Preheat the oven to 350 degrees. Line a 9x13-inch baking pan with parchment paper (it should rise up the sides of the pan). In a small bowl, stir together the ginger snaps crumbs and the butter. Press into the bottom of the pan, spreading it to the edges. In the bowl of a stand mixer, combine the cream cheese, pumpkin, brown sugar and pumpkin pie spice. Beat until smooth. Add the eggs and beat again until fully combined. Add the vanilla extract and beat again until combined. Pour the pumpkin mixture into the prepared pan. Tap gently to even it out. Slide the baking pan into the oven and bake for 40-50 minutes, until a knife inserted in the center comes out cleanly. Let cool slightly before slicing into squares.
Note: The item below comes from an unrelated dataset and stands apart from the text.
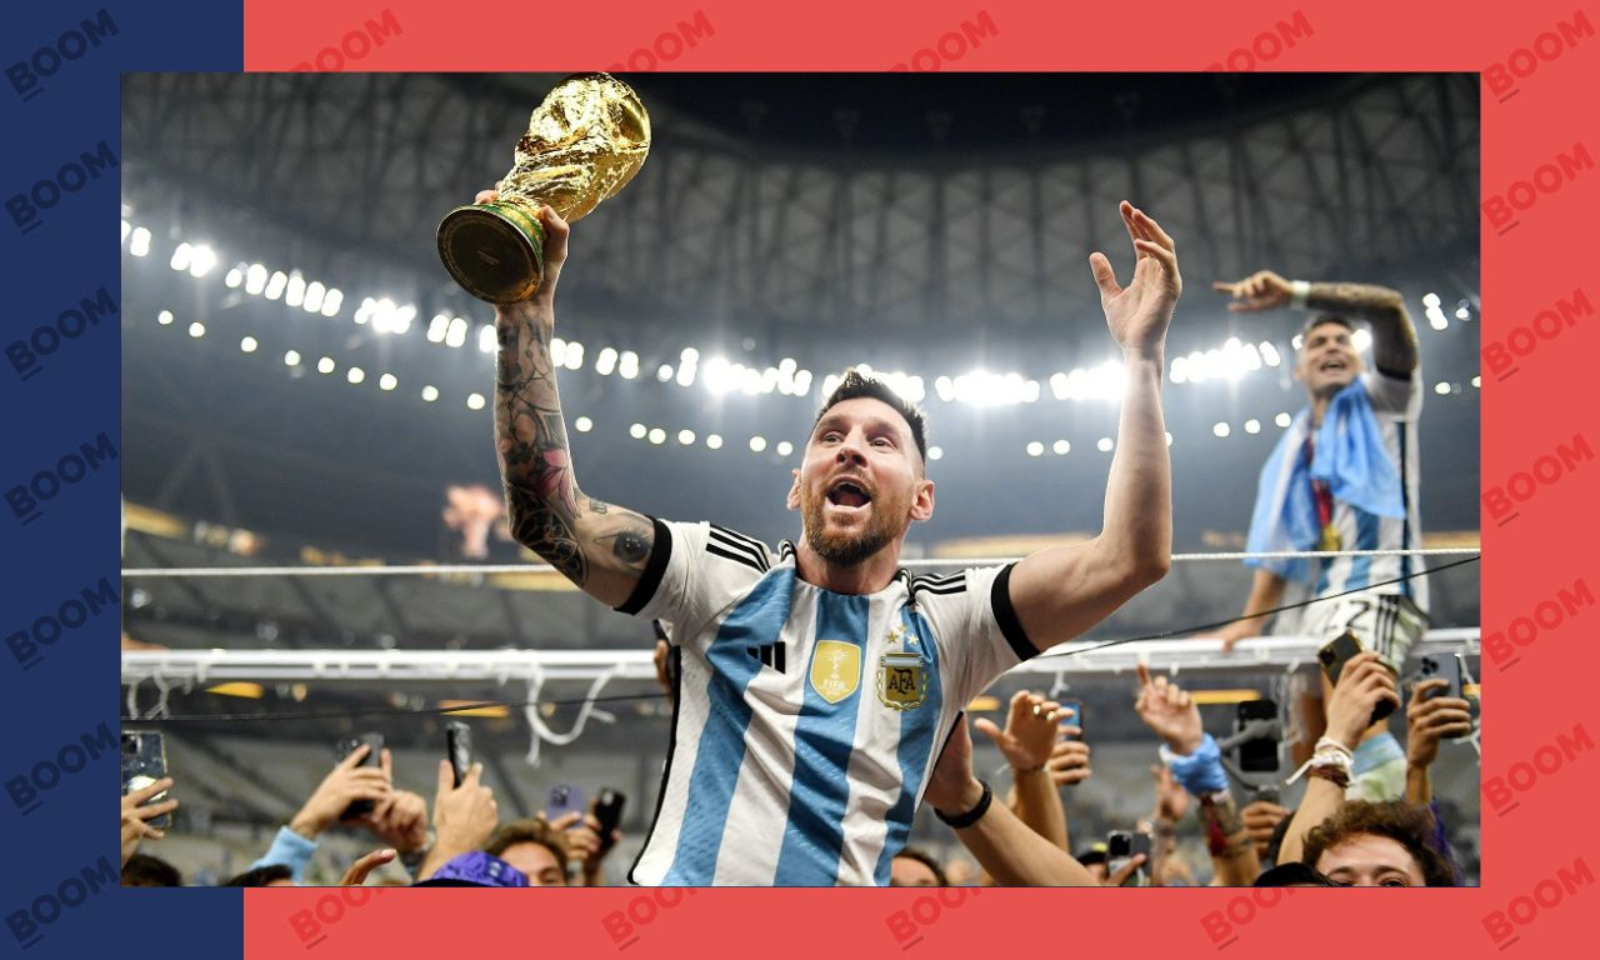 Mens/Youths 2022 Soccer World Cup Argentina Fans Jerseys Football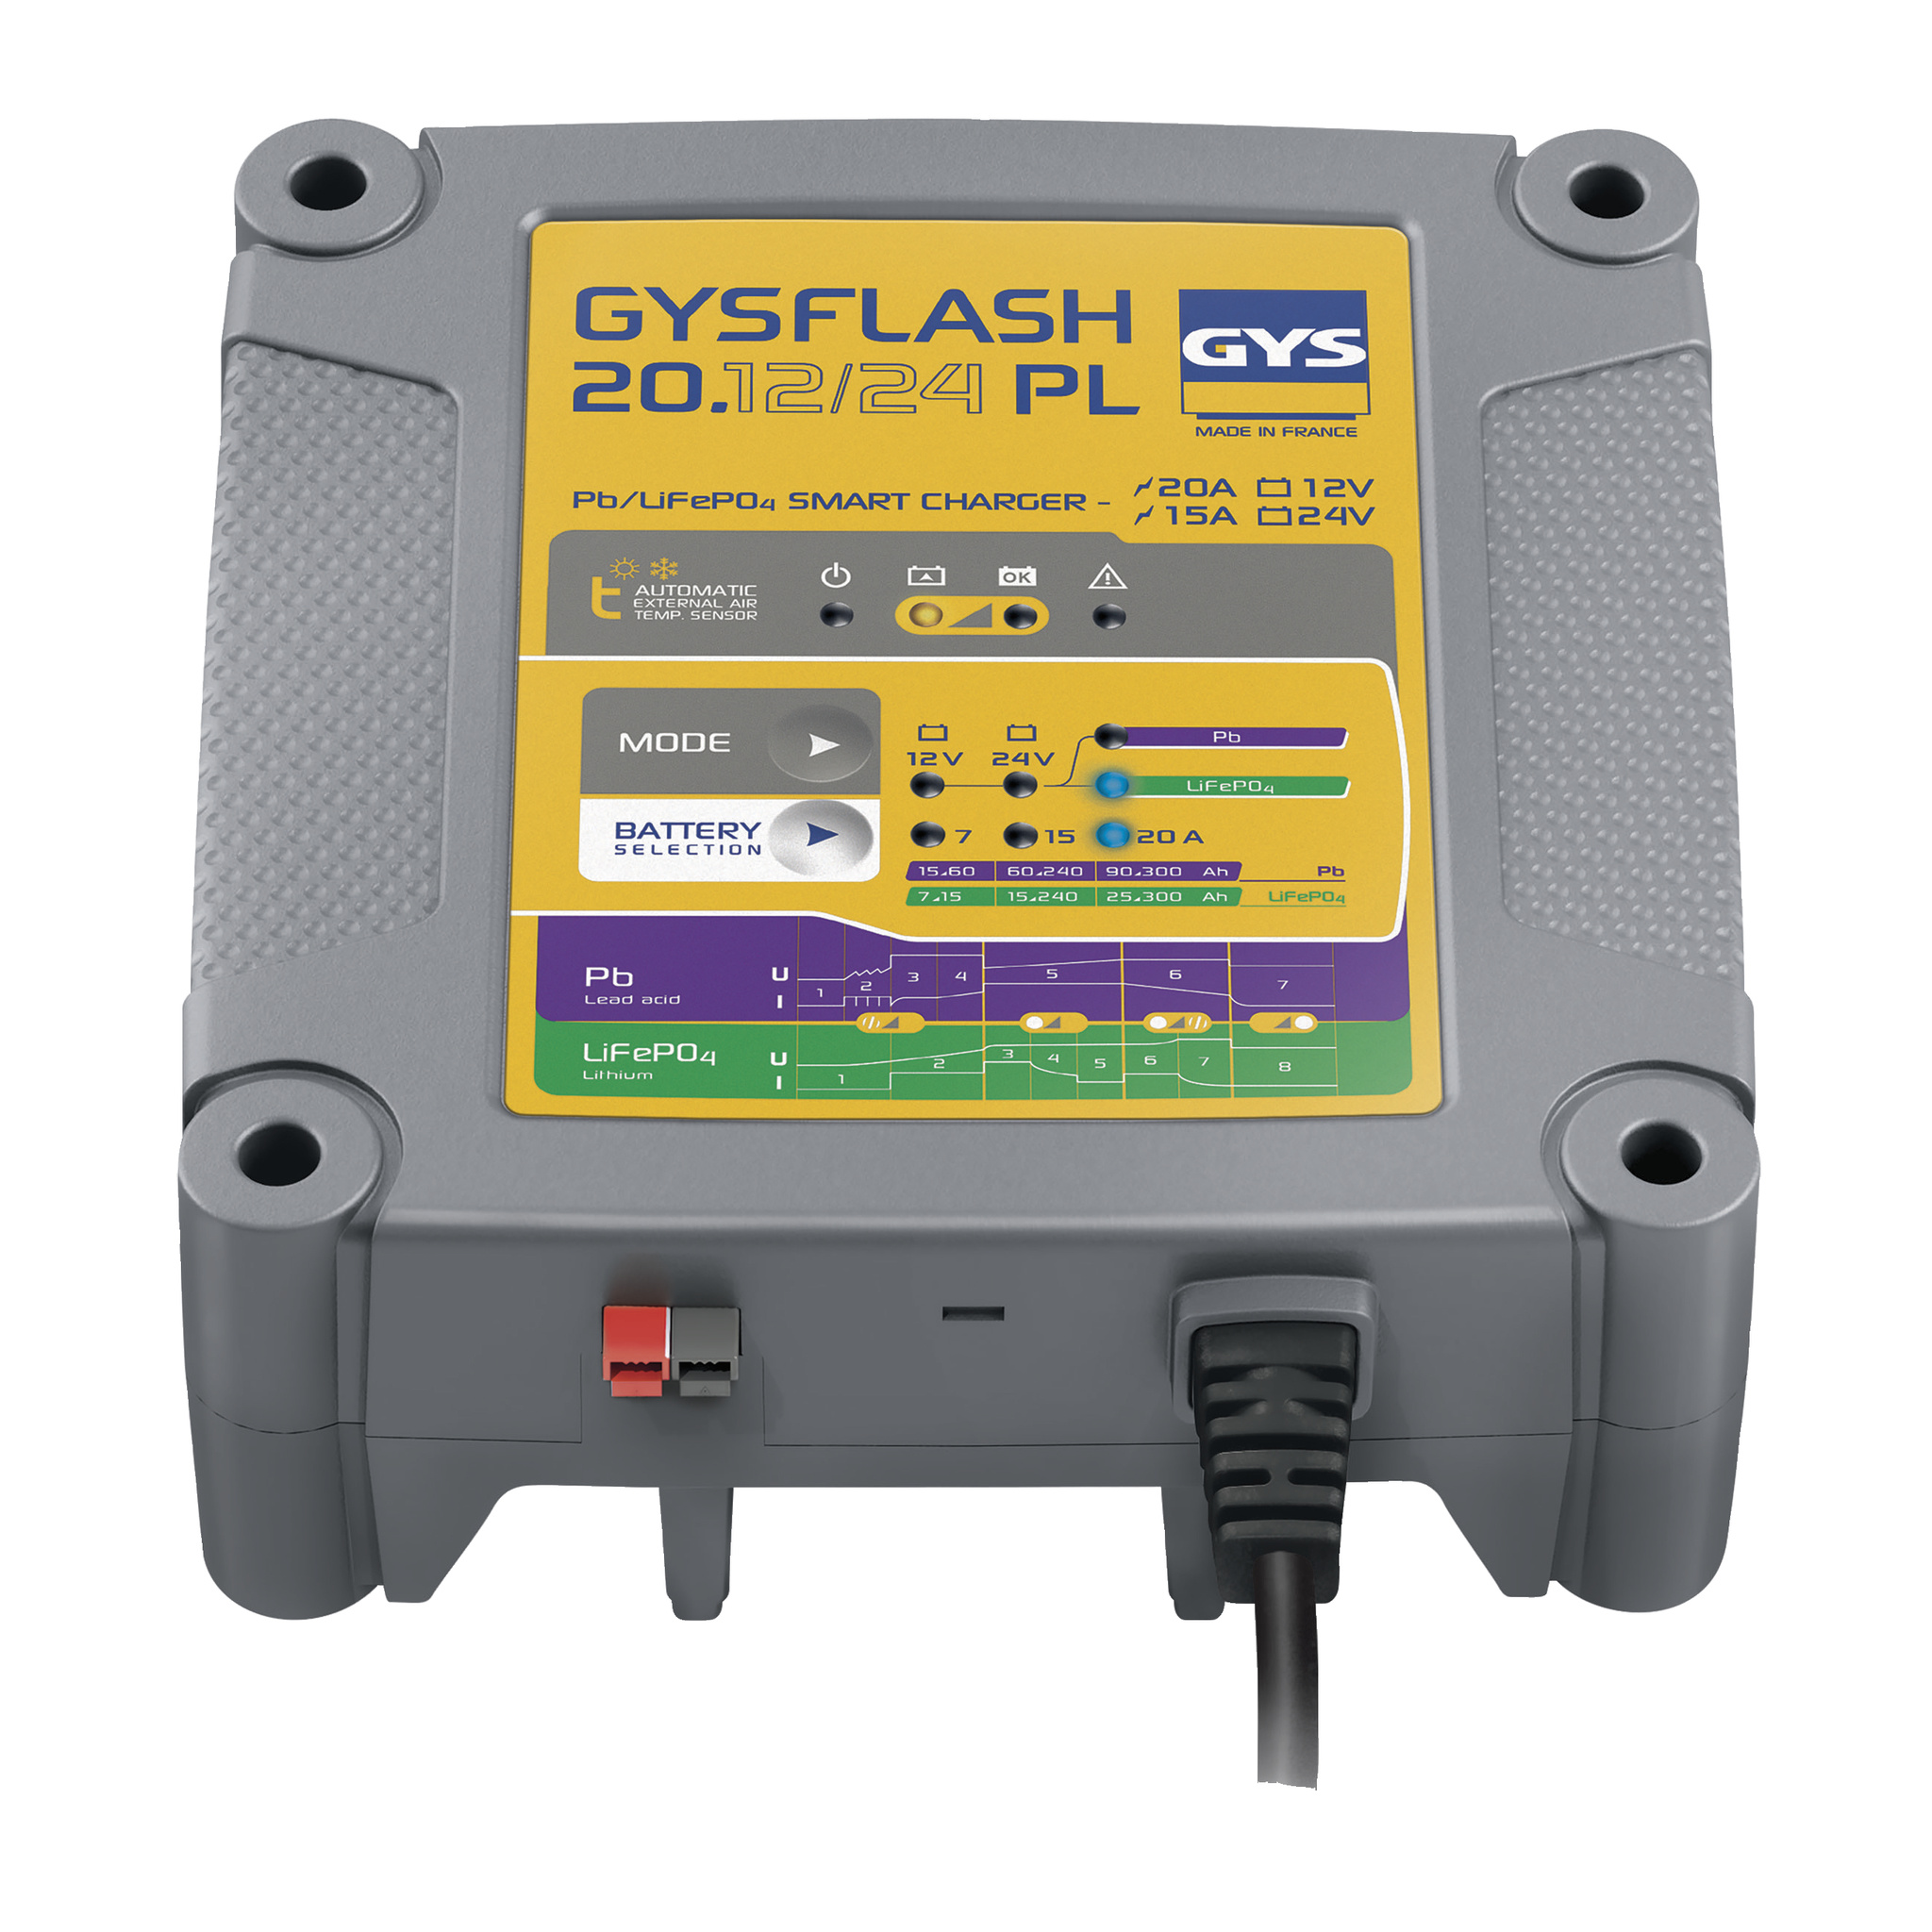 Nauwkeurigheid Ass dempen GYSFLASH 20.12/24 PL: acculader 12/24V | loodzuur + lithium, 4 modules -  Acculaders.nl

PUMPKIN PIE BARS WITH PECANS

Serves 8-10

INGREDIENTS

COOKIE/CRUMB LAYER 1-1/2 cups all-purpose flour ½ teaspoon salt ½ teaspoon baking powder 1 cup brown sugar ½ cup cold unsalted butter, cut into slices ½ cup chopped pecans

PUMPKIN LAYER 1 15-oz can pumpkin purée 2 eggs ½ cup sugar ¼ cup flour 1 tablespoon pumpkin pie spice 1 tsp vanilla extract

INSTRUCTIONS

Preheat the oven to 350 degrees fahrenheit. Grease a 13 x 9-inch glass baking pan with butter. Set aside. Sift together the flour, salt, baking powder and brown sugar for the cookie/crumb layers. Add the butter and cut in using two knives or a pastry blender. Reserve 1 cup of the cookie/crumb mixture and press the remaining cookie mixture into the prepared pan. Whisk together the pumpkin, egg, sugar, flour and pumpkin pie spice for the pumpkin layer. Spread evenly over the cookie layer. In a small mixing bowl, combine the reserved 1 cup of the cookie mixture with pecans, and then sprinkle all over on top. Slide the bars into the oven and bake for 25-30 minutes until golden. Let the bars cool and then slice into 1.5x1.5-inch bars.